Most of the postmortem accounts of the Republican health-care fiasco look forward to tax reform as the next big challenge for the GOP’s legislative agenda, and there’s some discussion of the argument that taxes should have been Job One from the get-go.
But there’s a rather large pothole in the road to tax reform that could bust an axle if Republicans are not careful: the expiration on April 28 of a short-term appropriations measure that keeps the federal government functioning. This continuing resolution, as it is known, was passed last December to punt disputes over federal funding levels into a GOP Congress that could for the first time since 2006 count on a Republican president for cooperation.
But now the re-funding measure is being thrown into a turbulent environment featuring divided Republicans and emboldened Democrats. And there is no way around the fact that the two issues that led to government-shutdown threats from Republicans in recent years, Planned Parenthood and Obamacare, have not been resolved by separate legislation.
This is the reality Mike Allen is likely reflecting in a dire prediction today:
A top Republican with close ties to the White House tells me that after the GOP failure on healthcare, a government shutdown — looming when a continuing resolution runs out April 28 — is “more likely than not … Wall Street is not expecting a shutdown and the markets are unprepared.”

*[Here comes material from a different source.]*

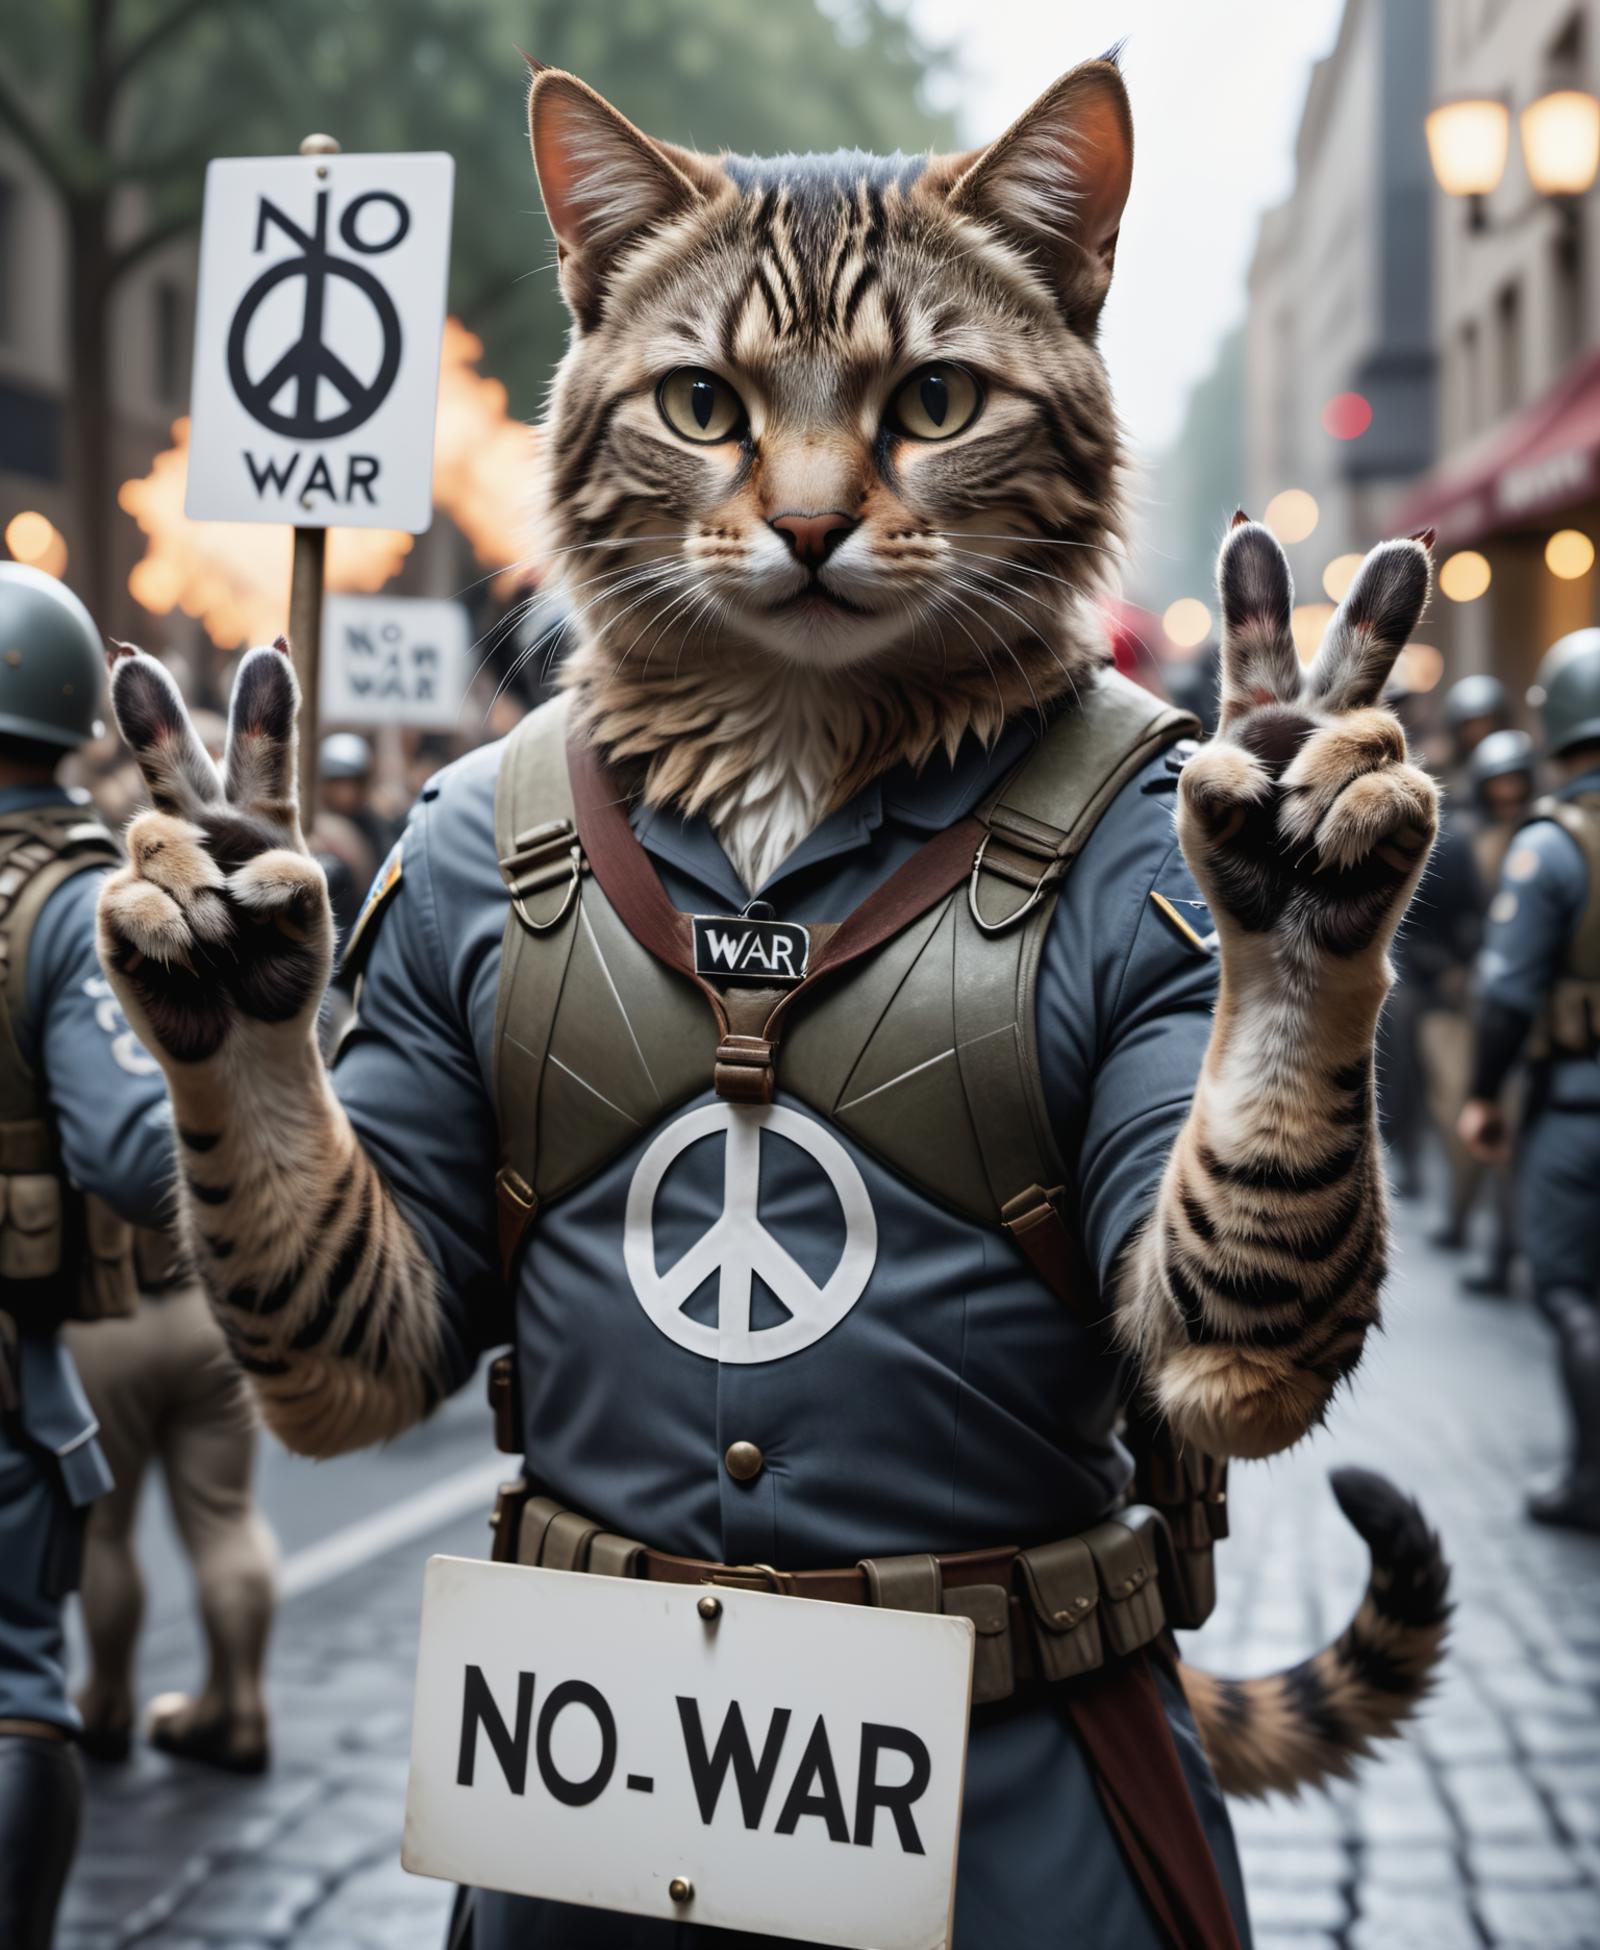 A protester dressed as a cat holds a sign that says "no war."

It’s the long-standing GOP commitment to “defund” Planned Parenthood that is the problem most likely to produce a shutdown. A number of conservatives (including Trump budget director Mick Mulvaney) have pledged never to vote for an appropriations measure that allows federal funds to go to the embattled women’s health organization. So even if the GOP congressional leadership tries to downplay current appropriations by just extending them without cuts to the end of the current fiscal year, there will definitely be cries of fury over Planned Parenthood. And there’s even a possibility that hard-core conservatives could renew the effort they made in 2013 to block appropriations necessary for the administration of Obamacare, now that the program has been left standing.

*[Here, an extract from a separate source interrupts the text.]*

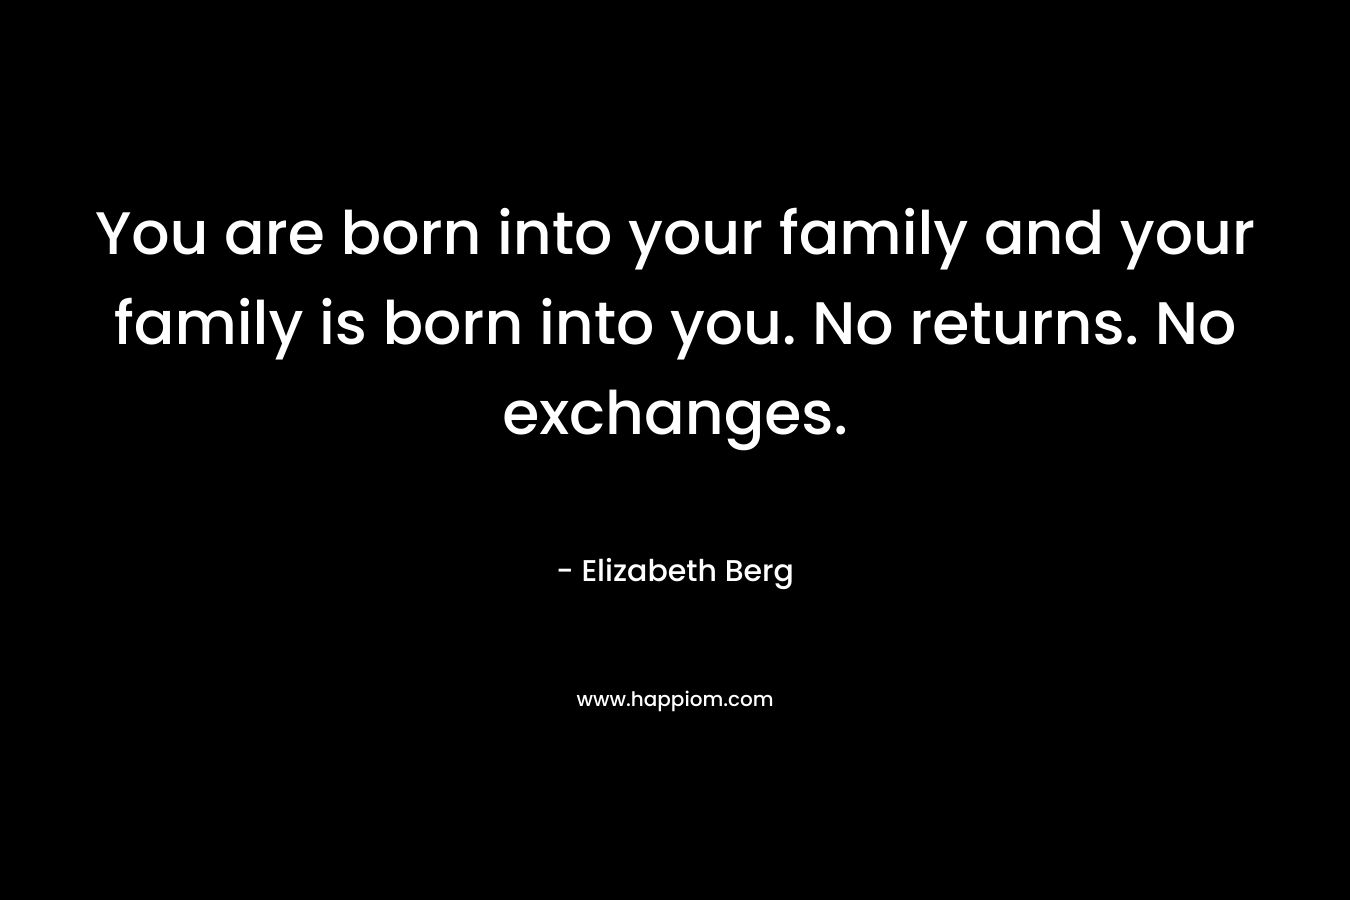 You are born into your family and your family is born into you. No returns. No exchanges.

So the odds are good that whatever the GOP leadership promotes to get over the appropriations hurdle will not include Planned Parenthood money and may include other tasty treats for conservatives to avoid a revolt like the one that defeated AHCA. But unlike the budget-reconciliation bill that protected AHCA from a Senate filibuster, an appropriations bill is regular legislation. And so the odds are pretty good anything other than a straight extension of the earlier continuing resolution will attract a Democratic filibuster, and produce the kind of gridlock that could shut down the federal government for at least a while.
The other complicating factor is that some conservatives could push to implement the kind of big and controversial changes in funding priorities contained in Trump’s budget for the next fiscal year right away, in the current-year appropriations bill. Such a development would make it even harder to get a bill that clears the House without Democratic voters, and could make a Democratic filibuster in the Senate even more likely.
The overriding political consideration is that given their “trifecta” control of the White House and both congressional chambers, Republicans would almost certainly be blamed for any government shutdown on their watch. And that makes Democratic action designed to produce one — whether it’s by denying Paul Ryan any votes in the House to offset conservative defections, or launching a filibuster in the Senate — that much more likely.
It’s certainly a kind of trouble the GOP doesn’t need after the health-care disaster, and as Mike Allen’s quote above indicates, it could most definitely undermine corporate and Wall Street confidence in the new regime’s ability to deliver on its promises.